First attested in English in a translation of Laughter by French philosopher Henri Bergson (translation 1911 by Frederick Rothwell and Cloudesley Shovell Henry Brereton).[3][2] Term popularized in The Ivory Tower (1917) by Henry James,[2] though used in different sense (millionaires, not professors).

Noun

ivory tower (plural ivory towers)

  1. (idiomatic) A sheltered, overly-academic existence or perspective, implying a disconnection or lack of awareness of reality or practical considerations.
    • 2005 — Daniel Walker, Valedictory speech for Hamilton College
      Hamilton College is an ivory tower with an open bar, and so I - who work and play equally hard - have come to love this place, and have been dead-set against leaving it.
    • 2013 July 20, The attack of the MOOCs”, in The Economist, volume 408, number 8845:
      Since the launch early last year of [] two Silicon Valley start-ups offering free education through MOOCs, massive open online courses, the ivory towers of academia have been shaken to their foundations.
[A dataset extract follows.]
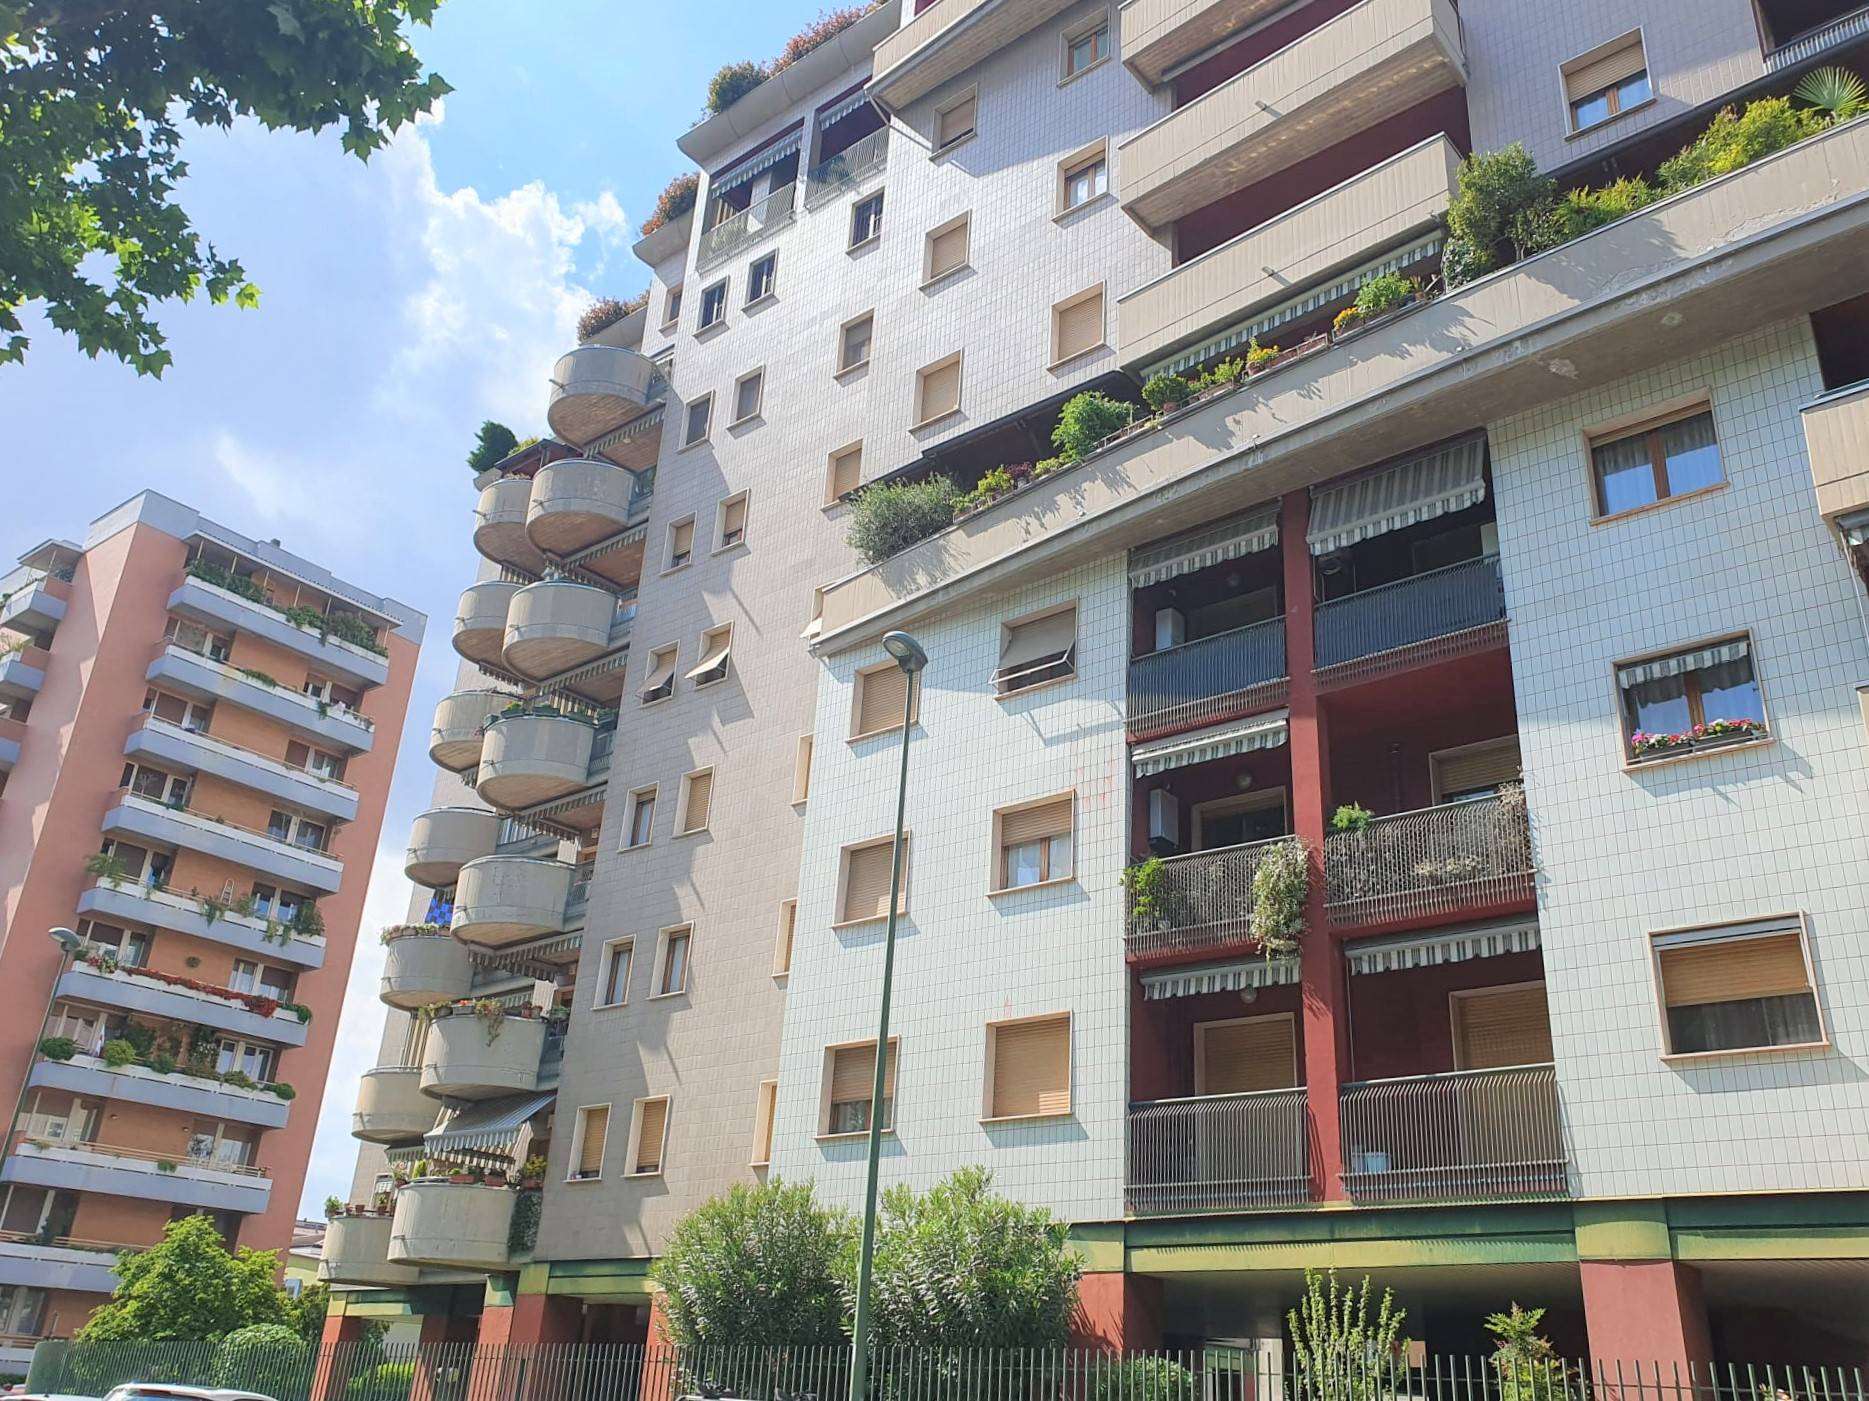 SESTO SAN GIOVANNI, Apartment for sale of 60 Sq. mt., Excellent Condition, Heating Individual heating system, Energetic class: G, Epi: 175 kwh/m2

University brands built in some cases over centuries have been forced to contemplate the possibility that information technology will rapidly make their existing business model obsolete.
    Such a proposal looks fine from an ivory tower, but it could never work in real life.

Translations

Adjective

ivory tower (comparative more ivory tower, superlative most ivory tower)

  1. Separated from reality and practical matters; overly academic.
    • 1968, New Library World, Volumes 69-70, page 8:
      The majority of librarians appear to have shown a very ivory tower approach to the application of all types of management technique to librarianship.
    • 1995, Hearings relating to Madison Guaranty S&L and the Whitewater Development Corporation, Washington, DC phase, page 504:
      I must say that, with all due respect, I think that's a very ivory tower approach.
    • 2007, Joan Gorham, Annual Editions: Mass Media 07/08, page 158:
      Bob Woodruff, an anchor and correspondent for ABC News who arrived in New Orleans the Wednesday after the storm hit, calls the detached-observer ideal "a very ivory tower notion that's not practiced in the field."
    • 2004, Geoffrey Kabaservice, The Guardians, page 154:
      Griswold was perhaps the most ivory tower president of Yale in the twentieth century, and in many ways the university turned toward conservatism in the decade after his inauguration, in 1950.

References

  1. (fr) Joseph Delorme, Poésies complètes de Sainte-Beuve, Charpentier et Cie, 1869, p. 374, « Les consolations »
  2. 1 2 3 ivory tower”, Wordorigins.org, Dave Wilton, Saturday, July 08, 2006.
    Cites James A. H. Murray [et al.], editor (1884–1928) A New English Dictionary on Historical Principles (Oxford English Dictionary), London: Clarendon Press, OCLC 15566697; and The Oxford English Dictionary; being a Corrected Re-issue with an Introduction, Supplement, and Bibliography of A New English Dictionary on Historical Principles (the First Supplement), Oxford: Clarendon Press, 1933, OCLC 2748467.
  3. ivory tower”, The Phrase Finder, Gary Martin.